信子母さんのエッセイ第108回「憧れ」

第108回「憧れ」

少女時代に読んだ沢山の外国の物語や、娘時代に観た数々の洋画を通して、わたしが抱いた憧れ。

所狭しと壁に飾られた家族写真。… 家族を大切にしてるんだなあ。

お父さん、お母さん、じゃなくて名前で呼び合う夫婦。… なんて素敵なんだろう。

子どもたちが椅子に乗って、大人の背より高いクリスマスツリーに飾り付けしてる光景。… いいなあ。

お客様がいらしたときや特別な時にだけ出される特別な食器を見てワクワクする子どもたち。….わたしも真似したい。

でも、何より一番憧れたのは、親たちが  “I am proud of my children. ”  と、誇らしげに言うシーンだった。

当時考えられなかったんだよね。親が人前で子どもを褒めるなんて。

日本人の謙虚さなのか、家族を褒めたら自慢してると受け取られるからか、とにかく子どもの頃のわたしは人前で親から褒められたことなんかなかった。誰かがわたしを褒めてくれても親が打ち消す。むしろけなされる。

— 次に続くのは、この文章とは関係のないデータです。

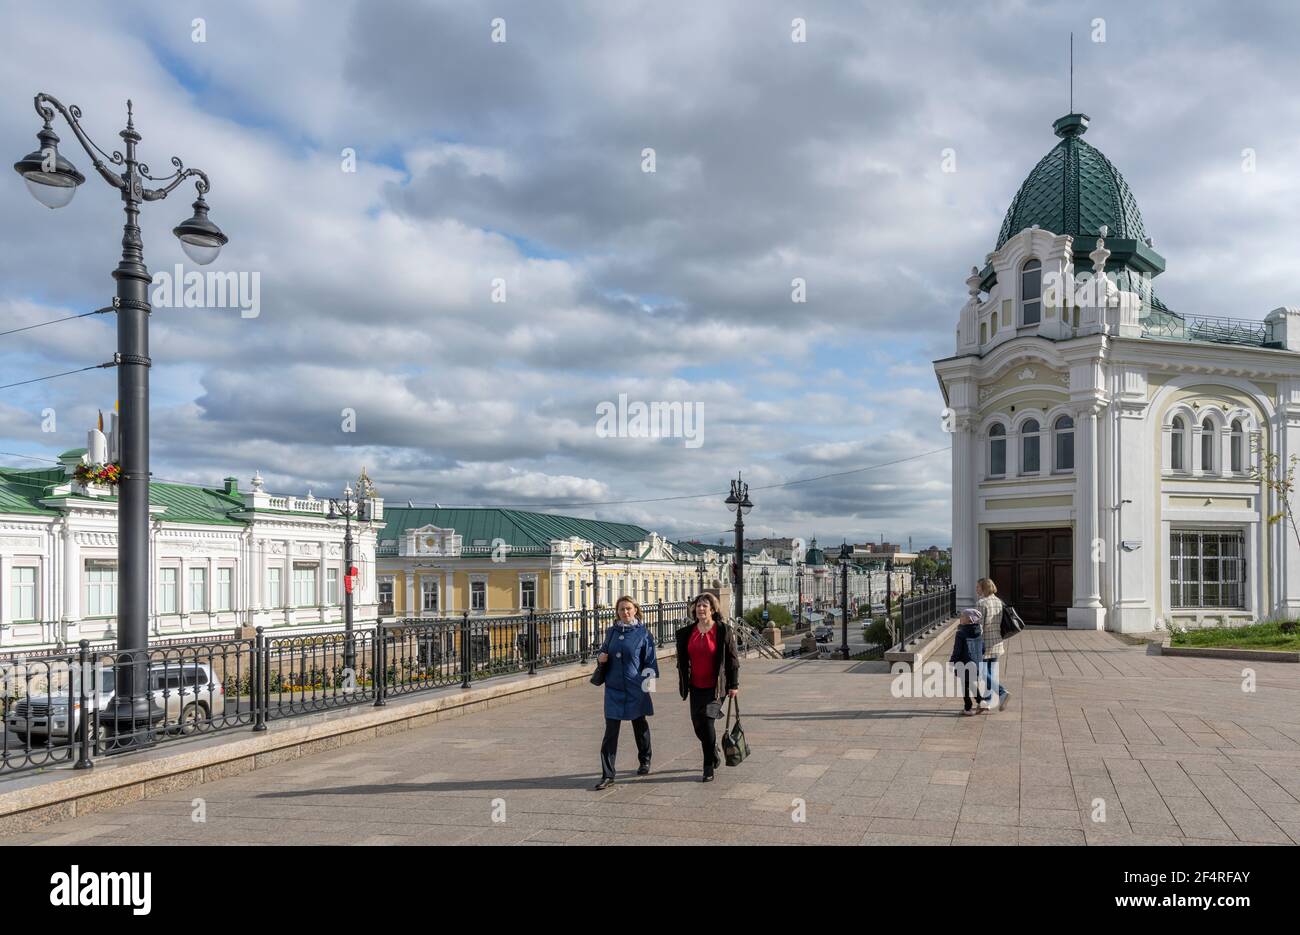 Omsk, Russland - 13. September 2019: Menschen in den Straßen von Omsk mit großen architektonischen Gebäuden, Sibirien, Russland. Stockfoto

うちの親だけじゃなくて、多くの親御さんが昔はそうだったんじゃないかな。

それが どう?  外国の人たちの、人前でも堂々と子どもを褒めてるこの嬉しそうな顔! その横には子どもたちの笑顔。

その姿が眩しくて羨ましかった。

文化の違いなんだろうけど、わたしは、こっちの方がいいなあ、と思ったんだ。

だから決意したの。 いつか結婚したら、

     ⚪︎家の中に家族写真をいっぱい飾る。

     ⚪︎夫を名前で呼ぶ。

     ⚪︎大きなクリスマスツリーを買う。

     ⚪︎特別な行事のための食器を揃える。

     ⚪︎誰かが子どもを褒めてくれたら素直に受け入れる。

って。

結婚してから、この娘時代の夢をひとつひとつ実現してきた。

家の中には沢山の家族写真。

夫を呼ぶときは英治さん。

椅子に乗って子どもたちと一緒に毎年ツリーの飾り付け。

決して高価ではないけれど、お誕生日や特別な日にだけ使う食器も揃えた。

子どもが褒められたときは、感謝して受ける。

….

欠点があるのは知ってる。

セミナリー では寝てる。

集会には遅刻する。

宿題忘れる。

ふざけてばかり。

バカなこともする。

でも、わたしは、この子達のいいところをいっぱい知ってる。

頑張ってることも知ってる。

可能性も信じてる。

だから、言うんだ。

「ありがとうございます!(ほんとにいい子なんです。自慢の子です!)」って。

日本人だからね。(     )の中は心の声だけど(๑˃̵ᴗ˂̵)💦笑

あ、そうそう。もうひとつあった。

服の色!

わたしが娘だった頃の年配の方々の服と言えば、黒、茶色、灰色の地味なもの、というのが定番だったのに、スクリーンの中のおばあちゃんたちが身に付けているのは、鮮やかな赤やオレンジ、黄色、青!

いくつになっても自由に好きな色を着るって、素敵なことだと思ったの。

それもわたしの憧れ。

だからわたし、この先も大好きなピンクでいくね!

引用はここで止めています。